マカ坊

FAKEのマカ坊のレビュー・感想・評価

FAKE(2016年製作の映画)
4.3
CDショップでクラシック担当をしていた頃、ちょうど交響曲第1番HIROSHIMAが発売され、その売れ行きに何事かと大変驚いたのを覚えている。

その時はまさか佐村河内守という人物がこれほど世間を騒がせることになるとは夢にも思わなかったが、更にそこからこんなにもよくできたドキュメンタリー映画が作られるとは…

これはもう観てもらうしかないので内容に関してはあまり言うことはないが、「佐村河内?あのペテン師やろ?それのドキュメンタリーってなに?ギャグ?」と言うような人であればある程より楽しめる作品だということは確か。
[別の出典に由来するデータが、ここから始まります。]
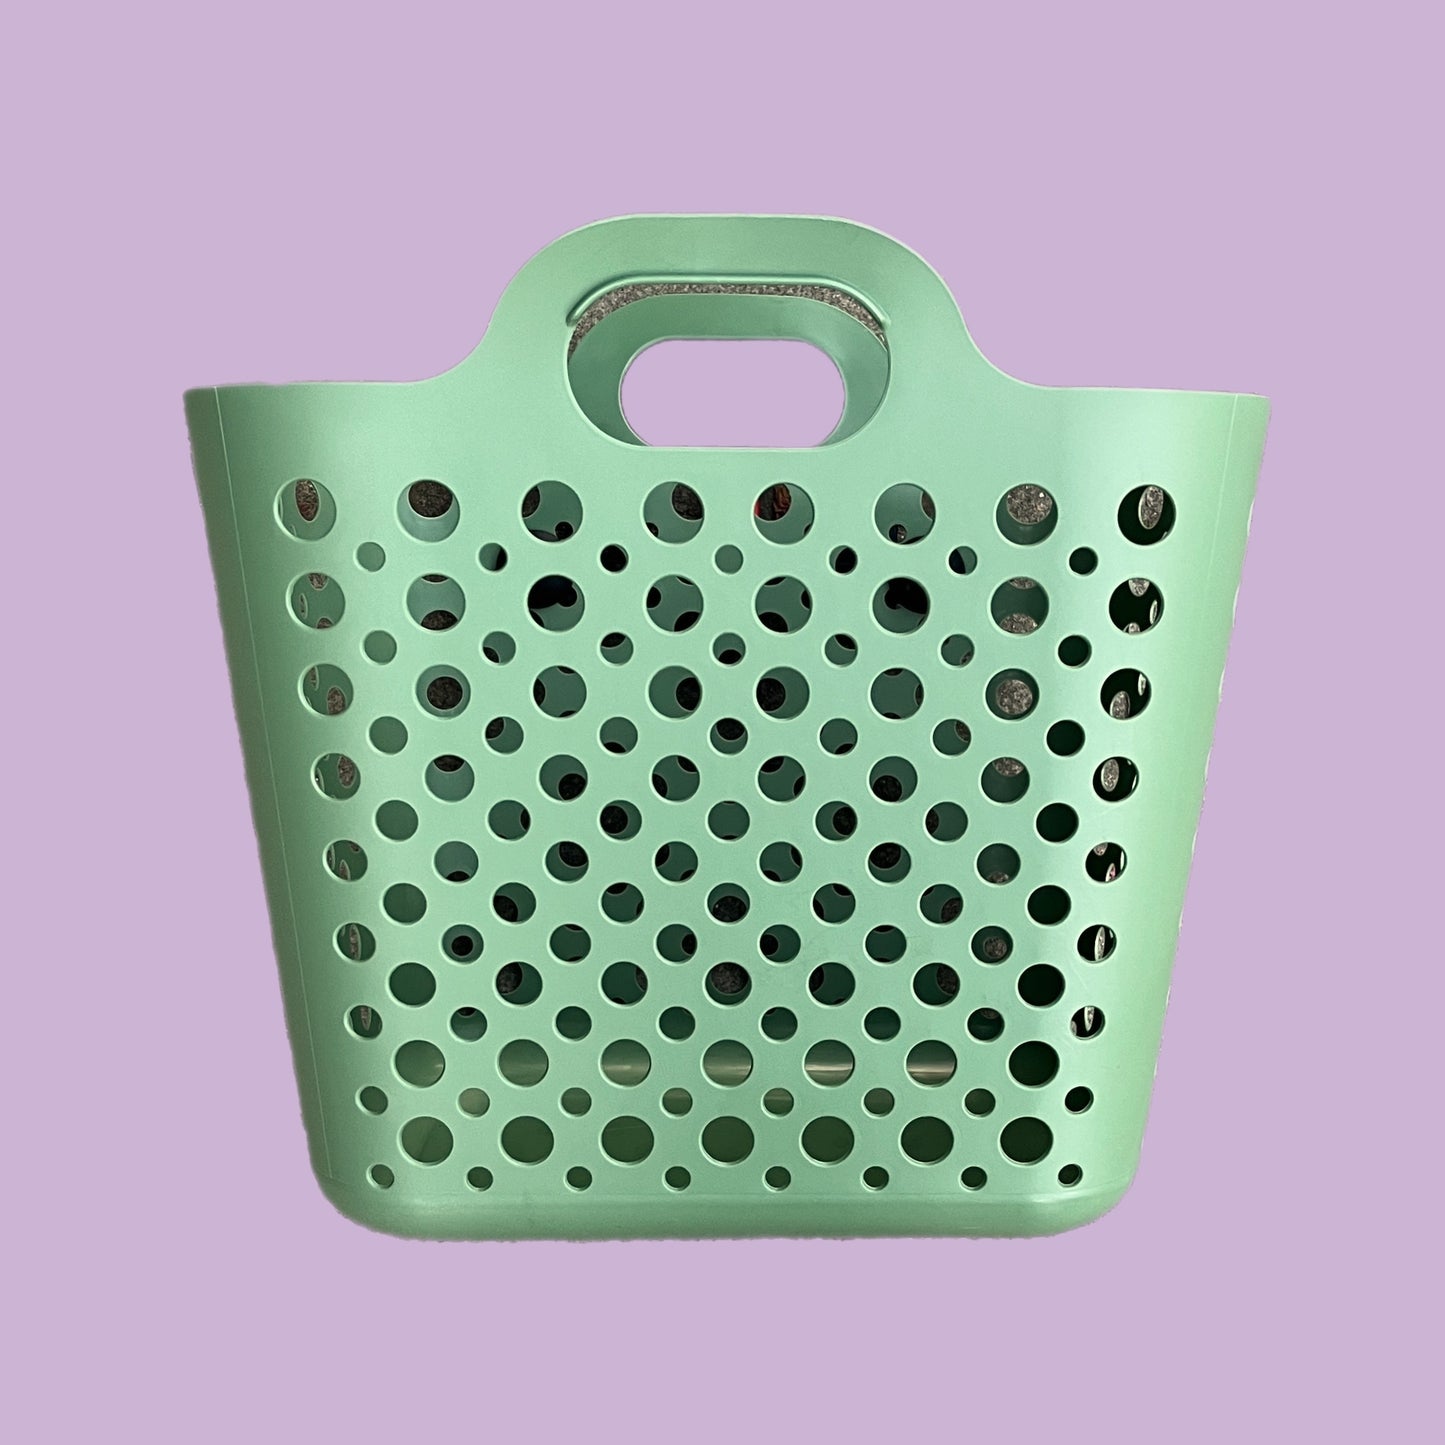 Bike laundry pannier bicycle basket rigid plastic lightweight bag

なによりこの作品に関して「結局耳聞こえんの?」とか「作曲出来るんか出来へんのかどっち?」といった批判や感想をあーだこーだ述べること自体がこの映画の「ドキュメンタリー映画としての強度」を補完する事にしかならず、結果として森達也監督の手の上で踊らされている自分のちっぽけさに羞恥を覚える事になるだけなので、2015年に発行された文芸誌「新潮 1320号」に掲載された、作家の円城塔がトマス・ピンチョンの「重力の虹」新訳版発売に際して寄せた文章からの引用を持って自戒の念としたい。
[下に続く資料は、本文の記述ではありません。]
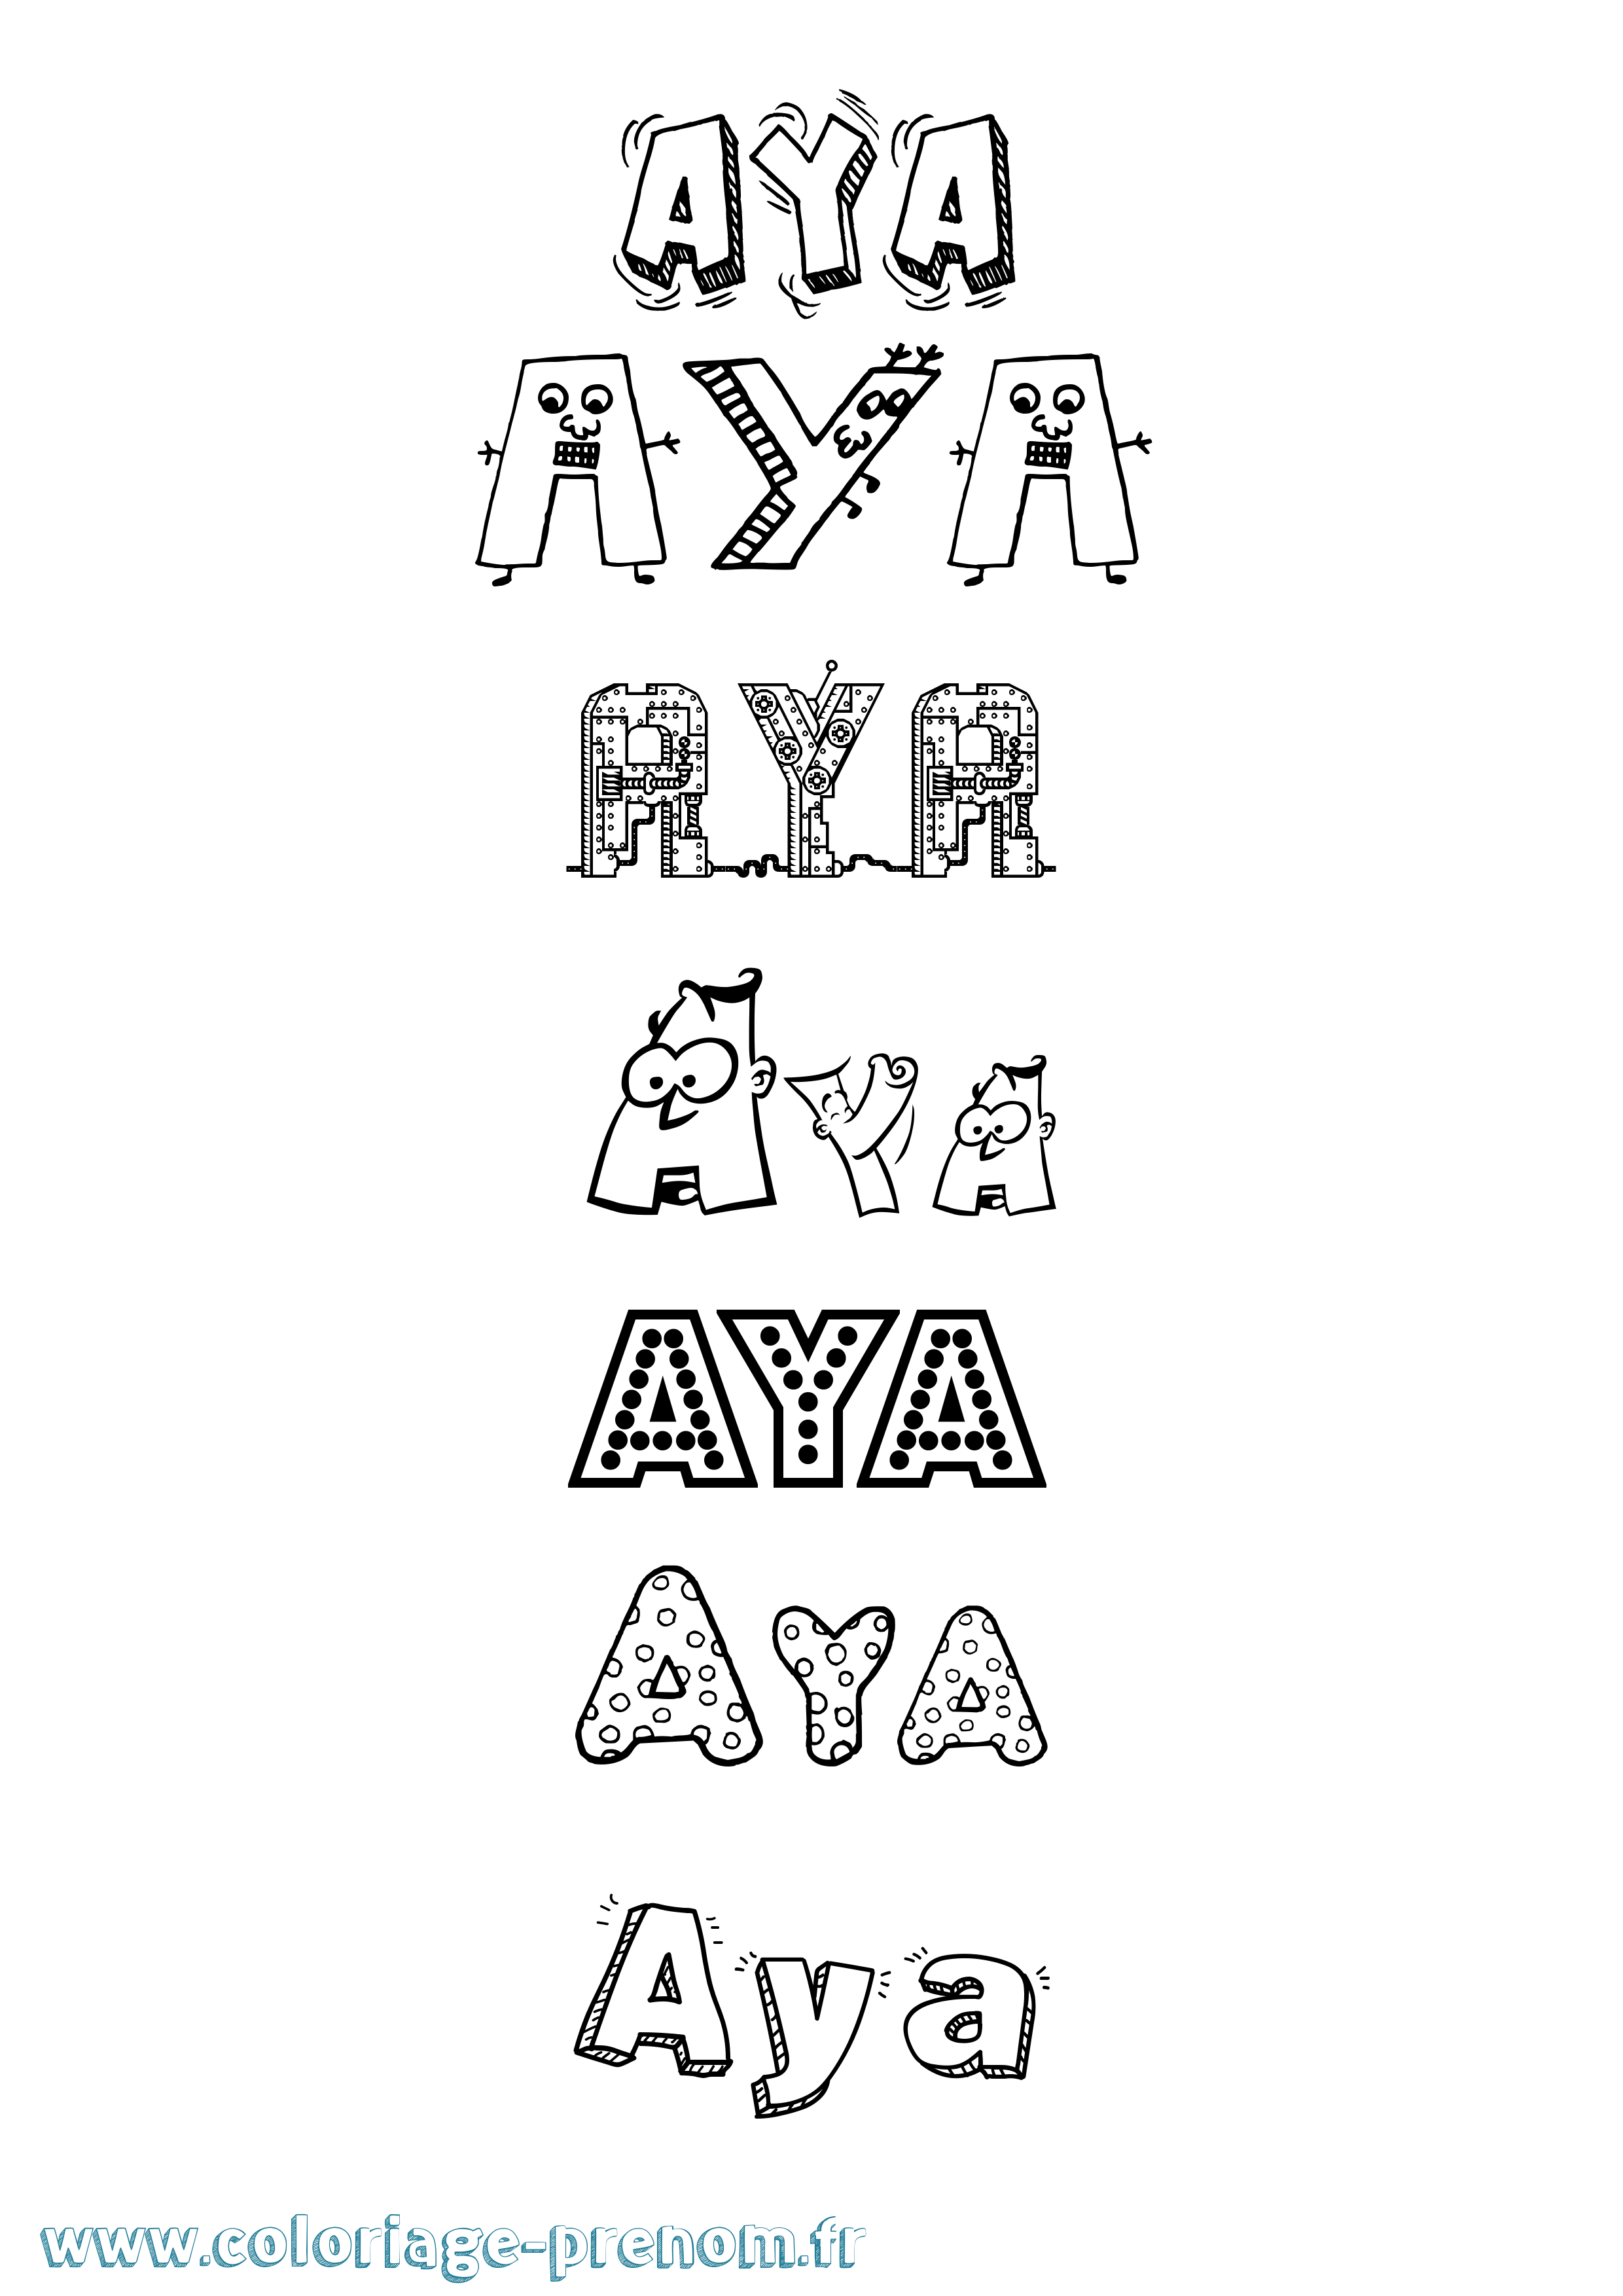 Coloriage prénom Aya Fun

「(重力の虹のような)スケールの書物の前でさえ、我々は立ち尽くし、陰謀を疑い、書かれてもいない筋を読み取り、自分勝手な主張を重ね、独りよがりな読みを押しつけ、あいつはわかっていないと言い出し、俺にはこれだけわかったと言い、まるで歴史を手に入れたかのように、歴史を語ることができるかのように振る舞い、人としての限界を露呈していく。」

いやほんま意地悪すぎるやろこの映画。